» WORK INSTRUCTIONS: Please write the listing below out again exactly, leaving every picture behind.

» INFORMATION PROVIDED:
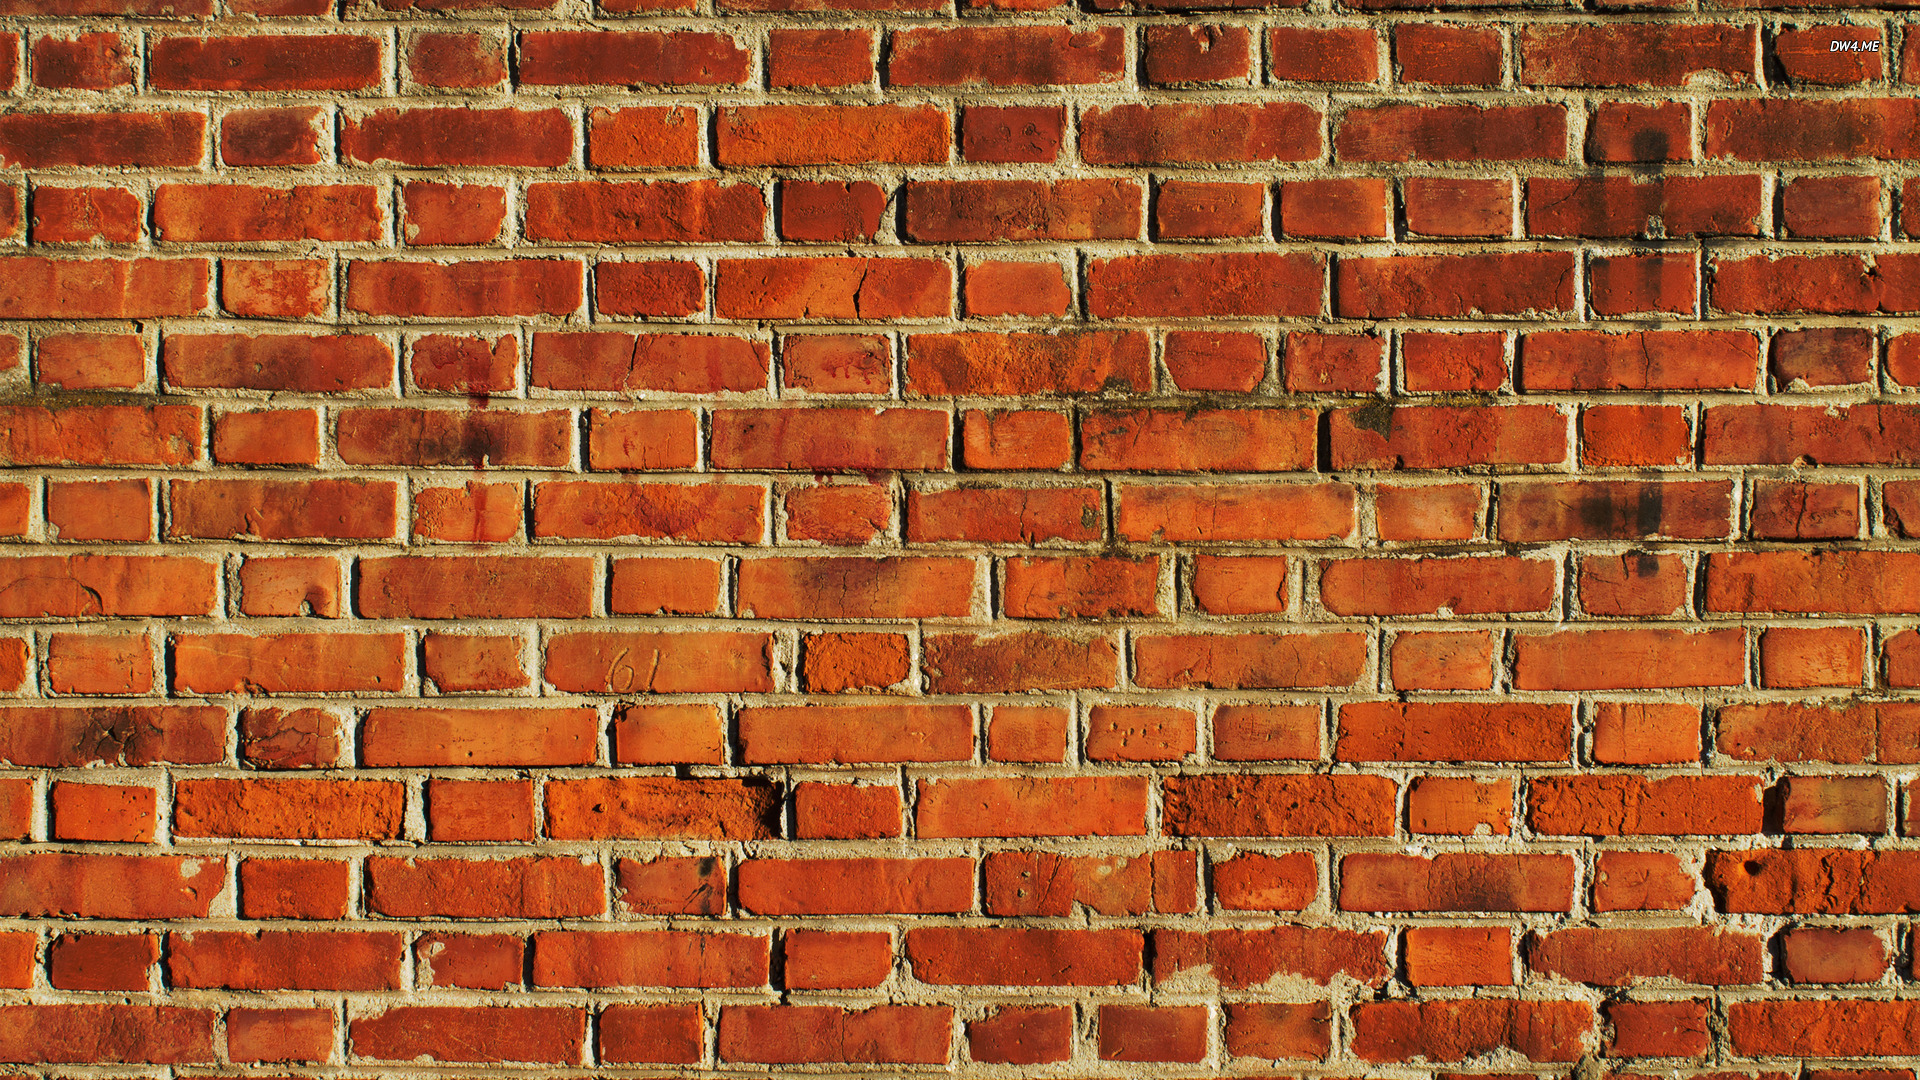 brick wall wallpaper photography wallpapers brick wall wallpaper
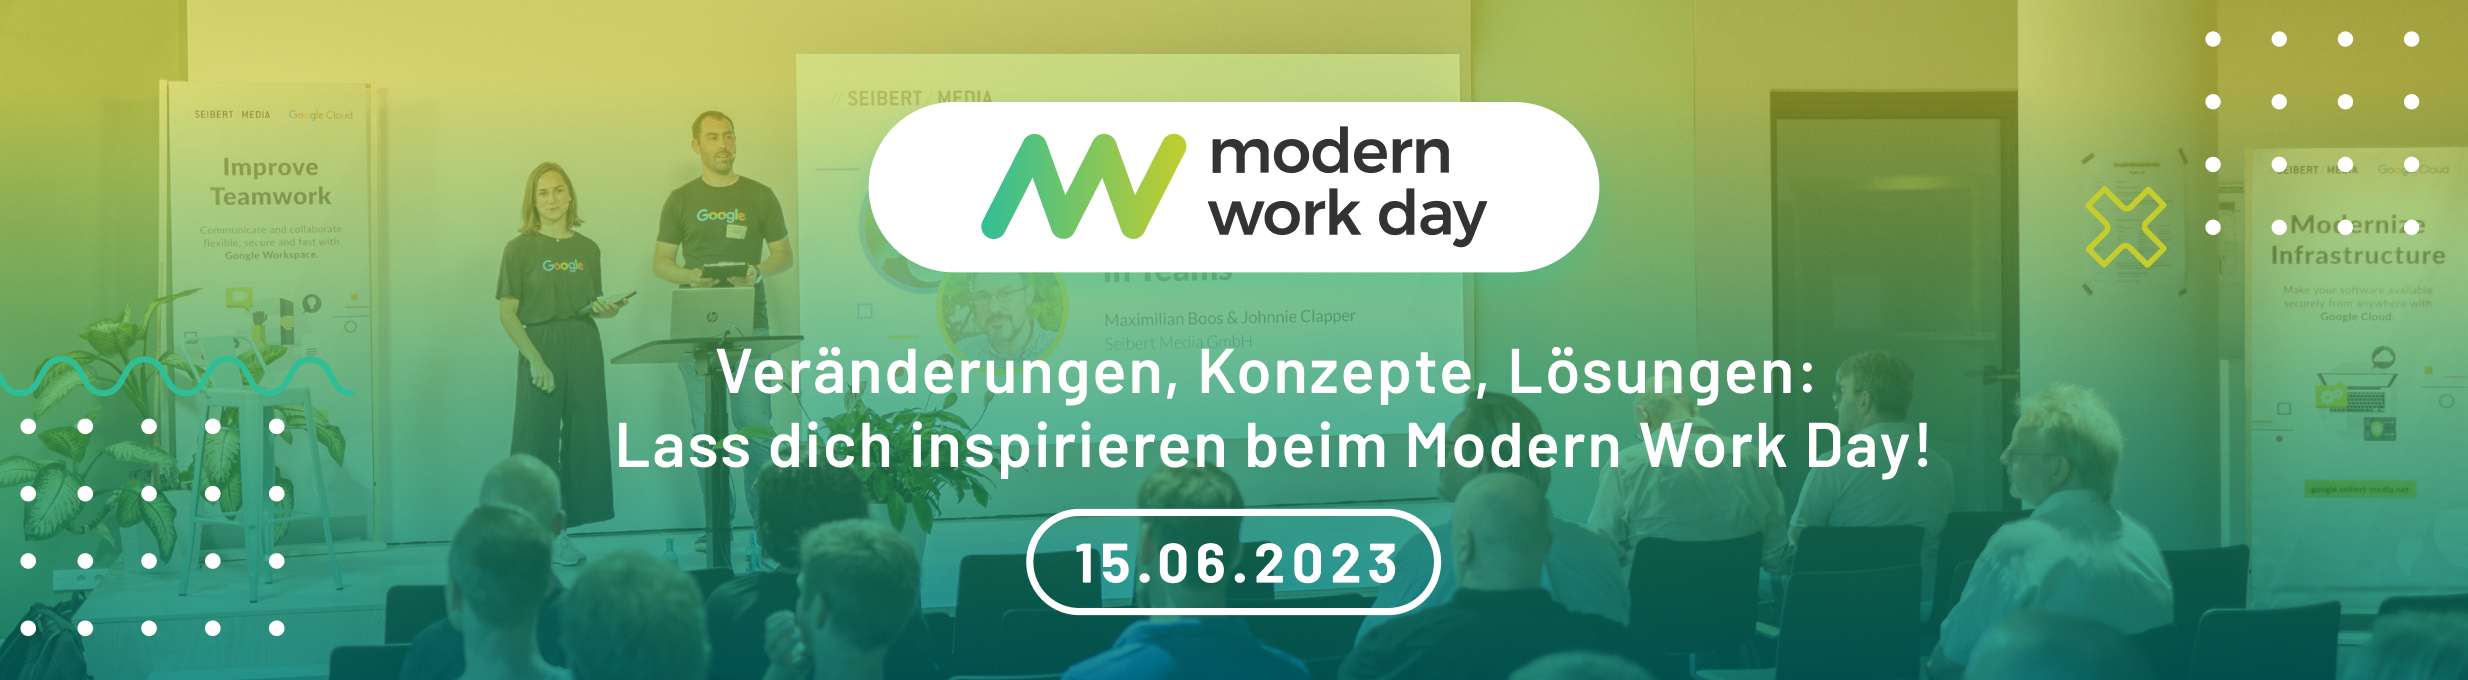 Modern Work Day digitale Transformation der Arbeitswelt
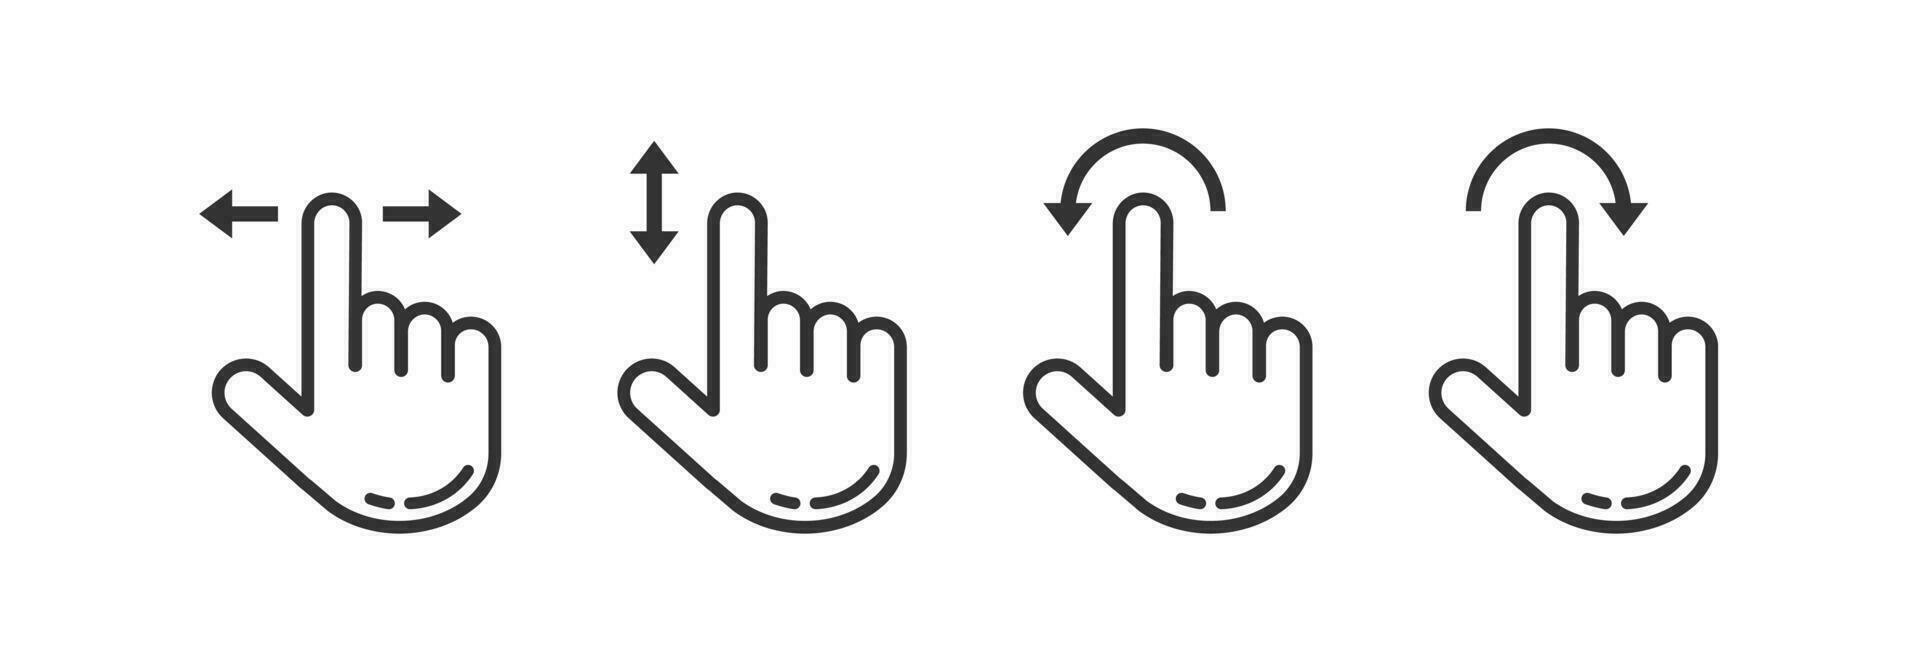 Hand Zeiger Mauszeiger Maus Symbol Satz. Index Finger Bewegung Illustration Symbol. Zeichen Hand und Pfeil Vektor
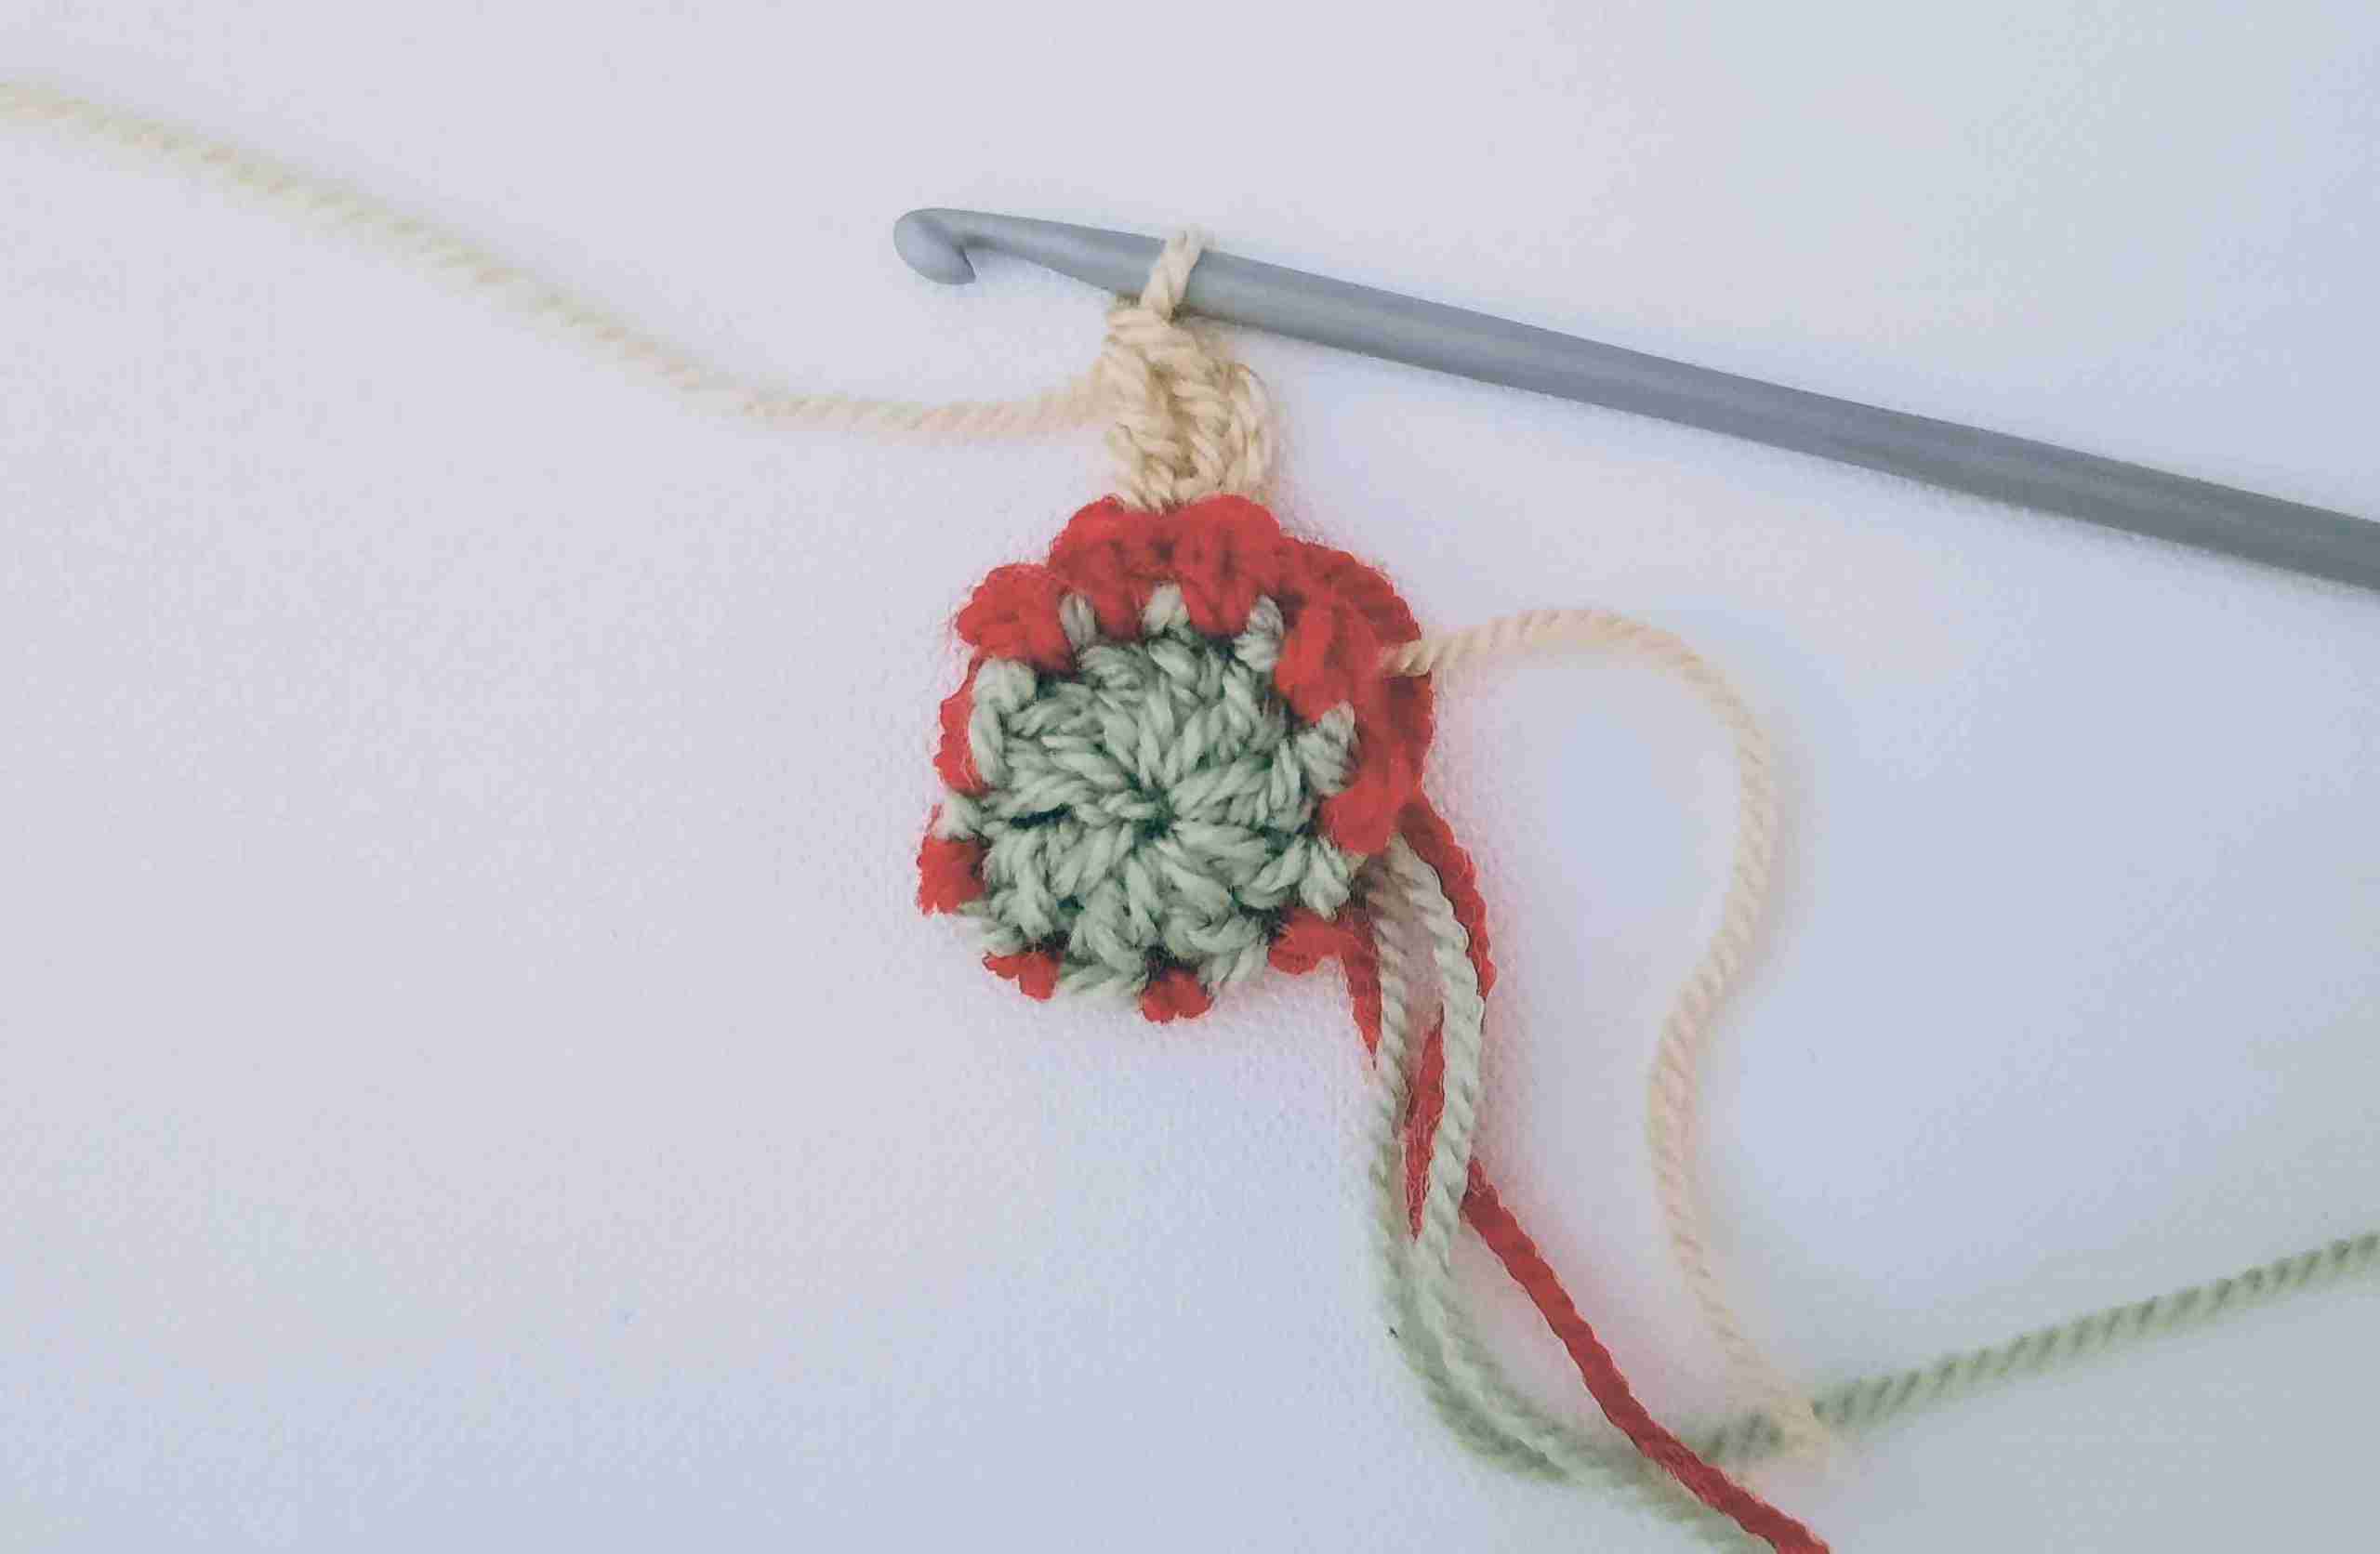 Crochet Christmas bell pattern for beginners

» SOLUTION TO THIS EXERCISE:
 brick wall wallpaper photography wallpapers brick wall wallpaper
 Modern Work Day digitale Transformation der Arbeitswelt
 Hand Zeiger Mauszeiger Maus Symbol Satz. Index Finger Bewegung Illustration Symbol. Zeichen Hand und Pfeil Vektor
 Crochet Christmas bell pattern for beginners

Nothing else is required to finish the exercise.